During those three summers, I had a hard time knowing where I stood and initially lacked any confidence to deal with the psychiatric profession. I knew there was no diagnosis that fit me, but the professionals could not allow that. Even with my last relapse, I had a doctor who insisted on a superficial assessment and insisted I was a chronic case of schizophrenia. It was very aggravating to be ignored and discounted. Getting angry and taking back my authority over my own illness was what finally restored m to my place in my family and gave me back myself.
The turning point was the summer after second grade. By the mid-point of my son's third grade year I was in the midst of menopause and the crisis of hormones had largely passed.
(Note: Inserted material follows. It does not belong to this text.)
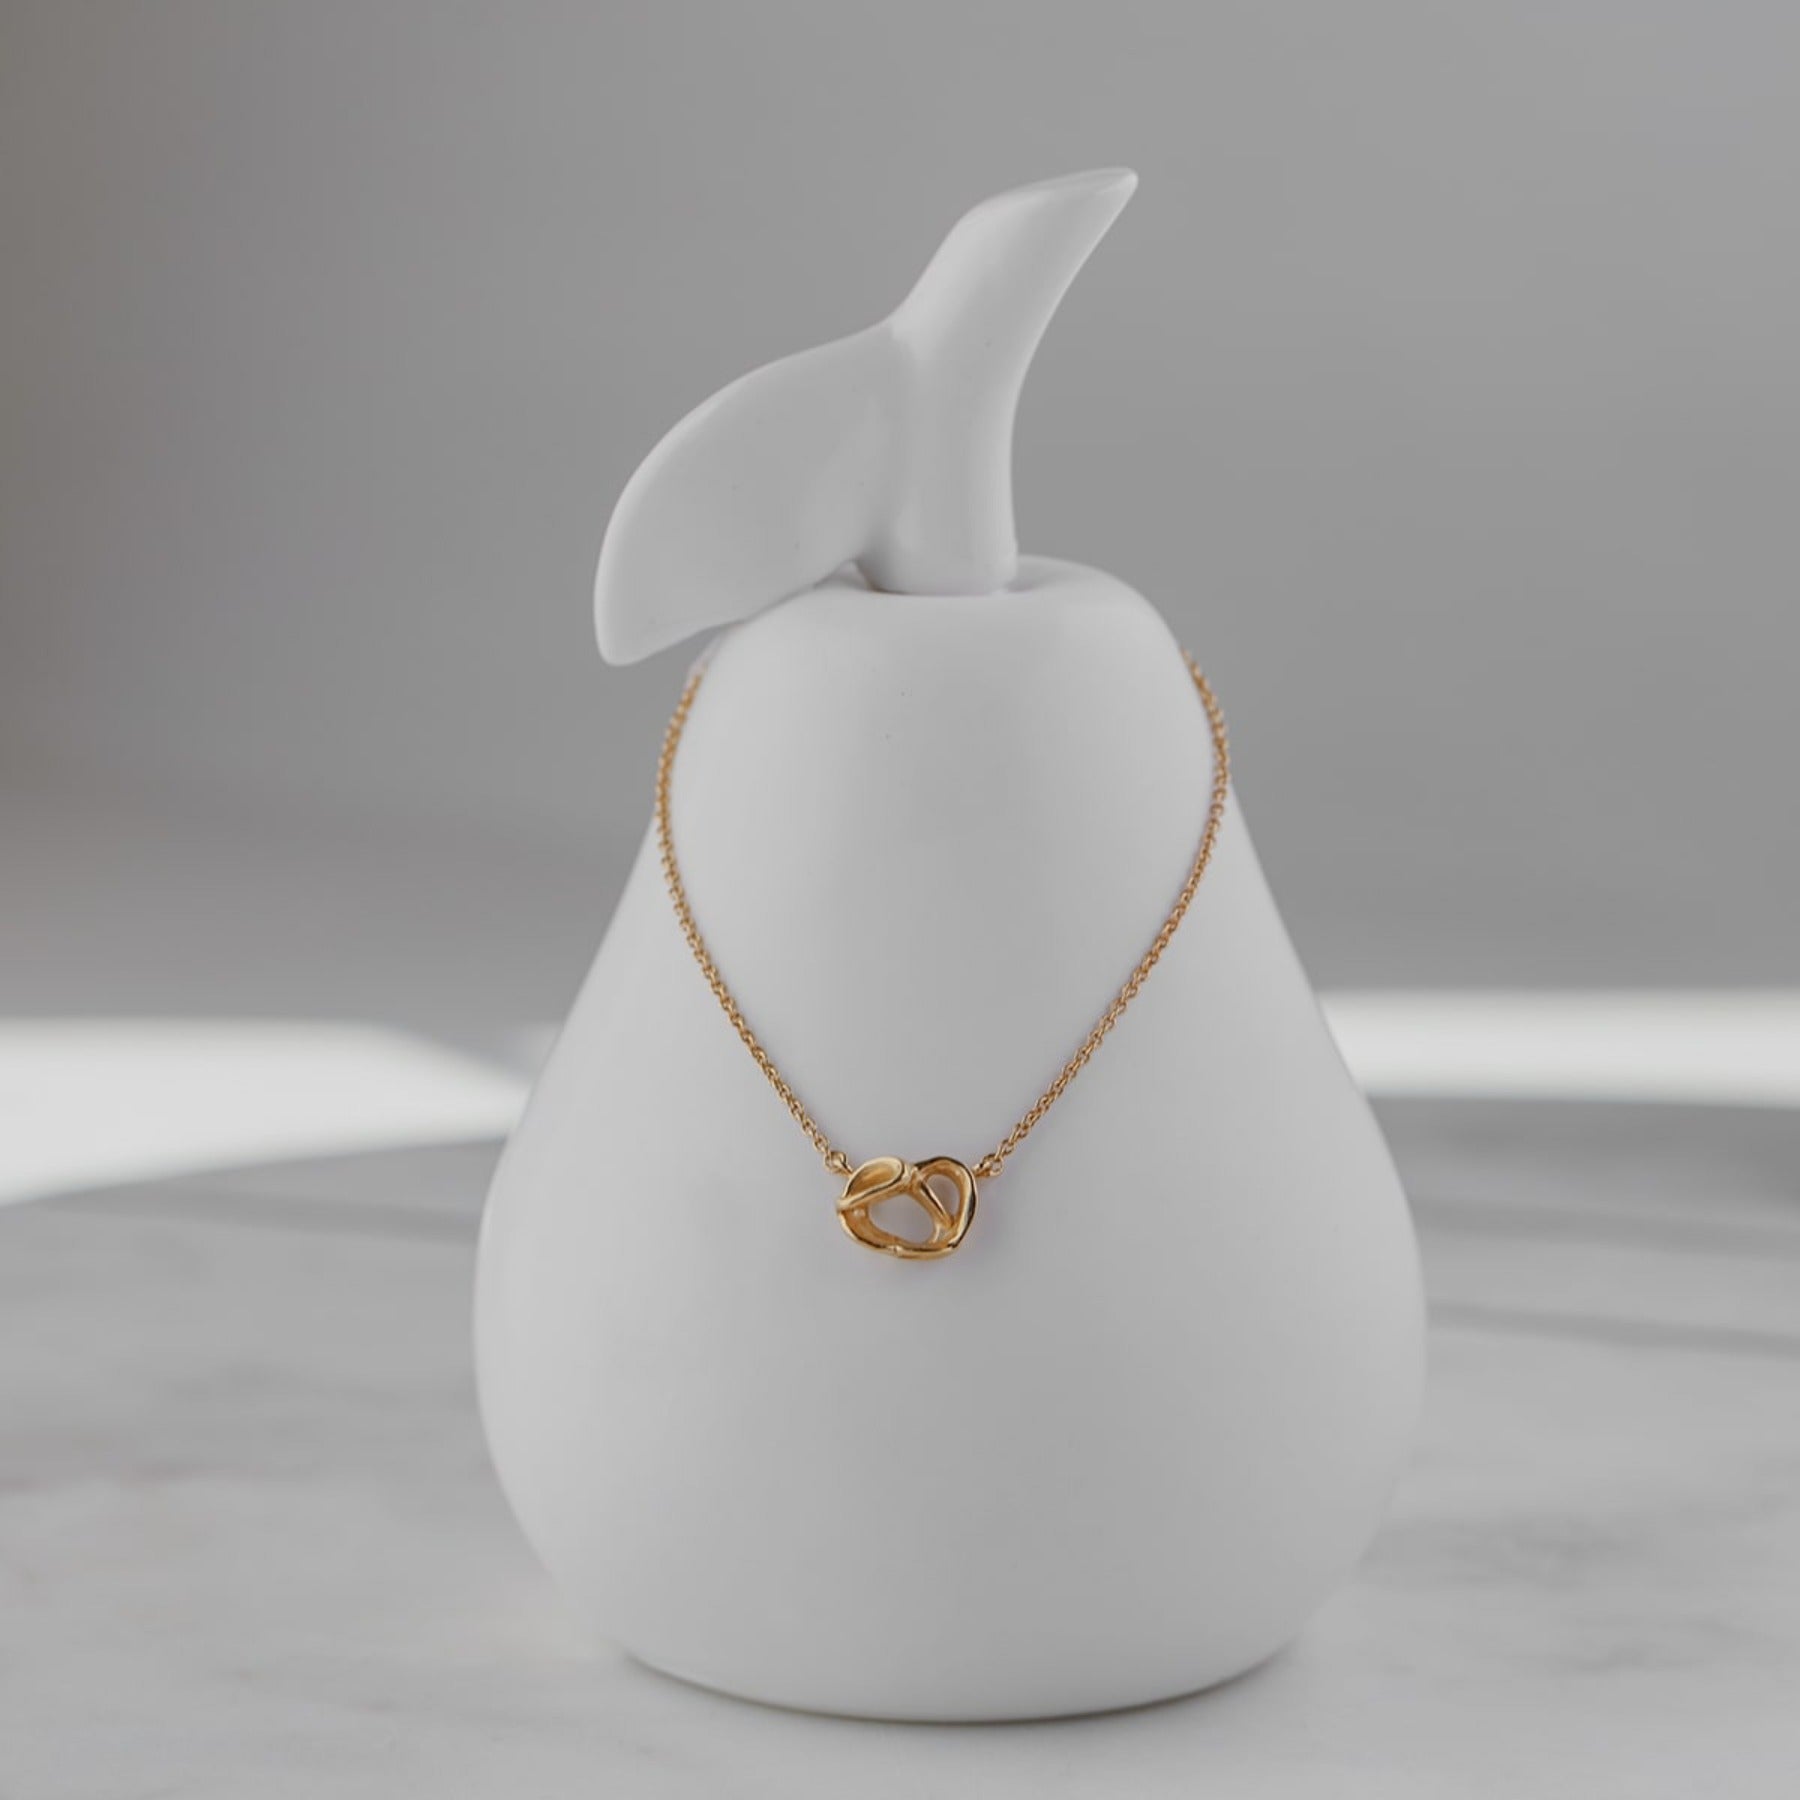 Abstract pretzel pendant necklace on a delicate cable chain finished with an Anjou pear charm in 18k gold vermeil.

I asserted myself, told the doctor the story that I felt best explained each of my crises, and came off medications with my doctor's blessing.
Today I feel very much out of the woods. Two years in which I've not needed the serious drugs usually given for people who have had crises like mine, demonstrates fairly conclusively that I am not chronic. Am I ever grateful to have been allowed the freedom to find this out. Had I simply followed doctor's orders, I likely would still be on medications. No one would have taken the chance to take me off given my history. Intead, my current level of sanity would be attributed to the medications, rather than all the other things I have done to foster my health.
But back to coincidences. A final coincidence came to pass this past November. It was a terrifying one for me. I have always known there was something amiss with my mom, but rejected my brother's conclusion. His diagnosis was schizophrenia. In light of my own experience, I knew that to be impossible. I chose not to argue with my brother about it, thinking that my mother had just been damaged by her war experiences. I thought we could redeem her by being kind and compassionate.
Then, this fall, I came face to face with my mother's need to repeat the past and her complete inability to see my brother as the good person that he is. My stomach did not like the stories I was hearing from my brother, nor his assessment: that she could never change. And indeed, that she could relapse to the dangerous person we witnessed during times of childhood crisis. This shook my foundation, almost as much as my fear of relapse had several years before.
Next day, while I was at the point where I was ready admit defeat and write my mom off, a book in my therapist's waiting room literally jumped off the shelf at me. Stop Walking on Eggshells had a checklist on the back and I answered yes to each one. Finally there it was. The characteristics my brother had thought were schizophrenia, were Borderline Personality Disorder. I would not have brought the book home with me. There was so much still I did not want to know. My therapist told me I was welcome to borrow her book.
Thankfully bringing the book home to read, helped me to let go of my picture of my mom as a real Wicked Witch of the West. It helped me see her humanity, giving me understanding that set me free. It opened a new path for me to grieve what I will never be given by my mom. For in our mom's case, we likely have someone who is incurable. For a BPD must seek help and our mom never will.
Now my brother and I had something to agree on. As soon as I shared what I had learned, he began the work of locating books for himself. Later, comparing notes, we were stunned to agree on too many points in our experiences of our mom. Further, my brother always knew it was my dream to do the right thing and redeem my relationship with my mom, by bringing her into our home to care for her as she aged. So, he made sure I listened while he read aloud, that caring for a borderline parent is not safe for parent or child. I found my stomach again lurching, even as I knew he was right.